Ben managed to choke out, "Um, me neither!" But seconds later he'd recovered sufficiently to say, "I won't have you doin' nothin' to hurt him, though."
"I am old now. I have no intention of harming Scudder - especially since you have feelings for him, and I believe he can be won to our cause. That vision I showed you...do you believe you could show it to your father?"
"No. No way." Even the memory made Ben go weak in the knees.
"I thought not. My powers are more developed than yours.
"I may be able to win Scudder over by letting him see what is at stake. But if I cannot do that, I will be better able than you to determine - without harming him - whether any information he gives us is genuine. If he gives a false name for the preacher, I will at least be able to tell you that and spare you wasted effort."
"Sounds reasonable," Ben murmured.
I'd feel better if I could see the man I'm talkin' to. Read his face, look into his eyes. But I made up my mind I wouldn't press him 'bout that. For all I know, he ain't got a face. Or eyes.
"So you will do it?" Belyakov asked sharply. "You will find him and bring him back?"
Ben sighed. "Yeah, I'll do it. I won't force him to come with me, but I'll try to persuade him." As he headed for the door, he grumbled, "I just wish there was another way."
Six hours later he was behind the wheel of his Carnivale truck, headed for a place whose strangely evocative name he had never heard before that night.
I'll find it, just don't ask me to spell it!
That thought only amused him for a moment. He couldn't forget why he was going there. To talk to a man - a Catholic priest, Devin Kerrigan - whose association with Hack Scudder had apparently driven him mad.
But maybe it warn't Scudder's fault. Kerrigan put that creepy Tattooed Man in the mural he painted, an' I got a hunch the Tattooed Man is the Darkest o' the Dark.

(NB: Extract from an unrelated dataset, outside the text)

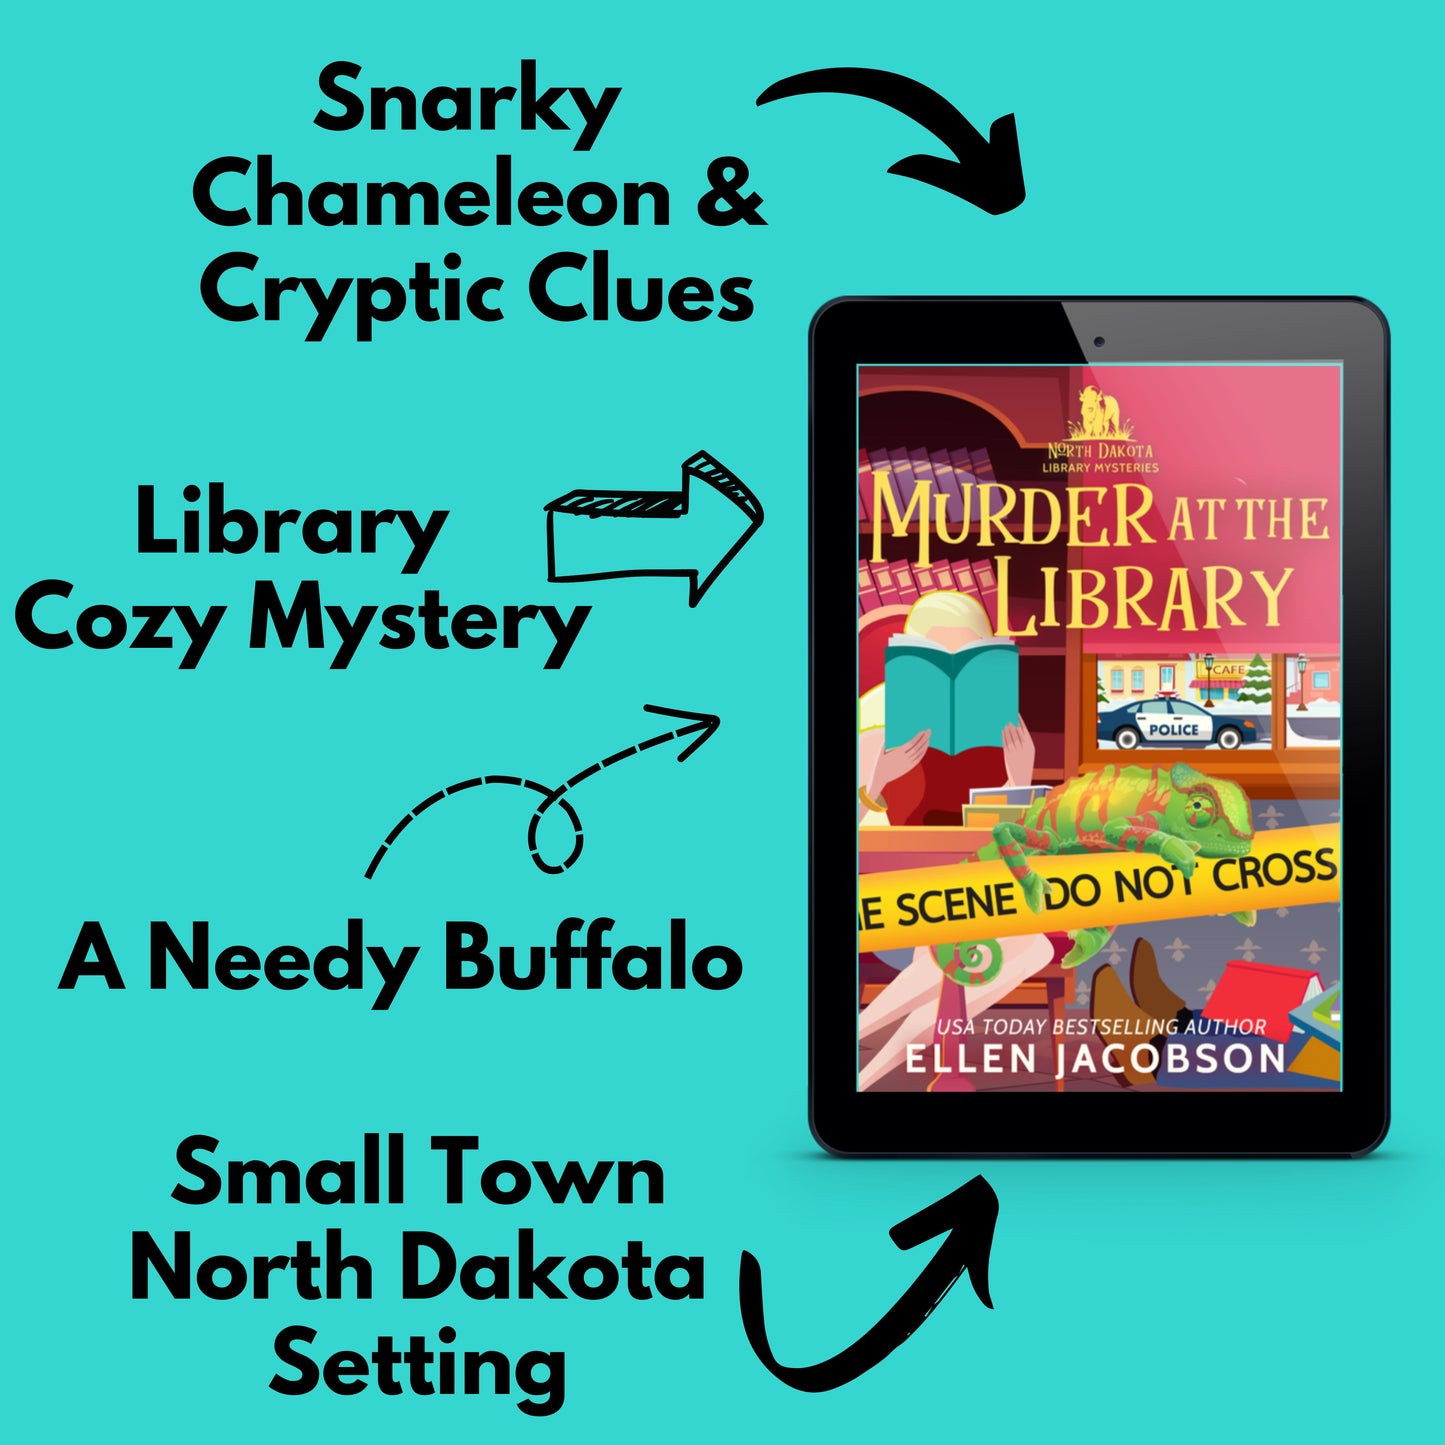 Murder at the Library ebook cover with text that says snarky chameleon, library cozy mystery, a needy buffalo, and small town North Dakota setting

If my pa an' his friends were givin' a lot o' thought to him, it may be pure luck that my pa didn't go crazy too.
Still, he was troubled by the memory of Frank Mooney's fear of Scudder...and not particularly proud of the way he himself had terrorized the man who'd blundered into the Hall while he was ransacking it.
In his mind, he heard a succession of voices.
The gentle, concerned voice of Scudder: "You must make your choice. I'm sorry."
The pathetic, pleading voice of Mooney: "Please, kid, if you find Scudder, for God's sake, don't tell him you talked to me. Don't tell him I told you nothin'. He ain't human! He ain't human!"
The unfeeling, truly almost nonhuman voice of Belyakov: "Lodz was a traitor. His life meant nothing to me."
Is the real Scudder the one who spoke to me, or the one Mooney thinks he knew? Is that Scudder more like Belyakov?
Are we all gonna end up like him, with our humanity drained out of us?
In truth, the voice he found most disturbing was one that was still human - a rich, compelling baritone. "Ye offspring of serpents, who warned you to flee from the wrath to come?"
I'd know that voice anywhere. It...broadcasts power!
But I'm still young, an' I don't scare easy. I ain't gonna be no slouch myself.
He'd had the radio on for the last half hour, hoping it would distract him from his problems. But it wasn't doing any good. Sighing, he turned it off.
Turned it off moments before he would have heard a rich, compelling baritone voice say: "Good evening, brothers and sisters, and welcome to the Church of the Air. I am Brother Justin."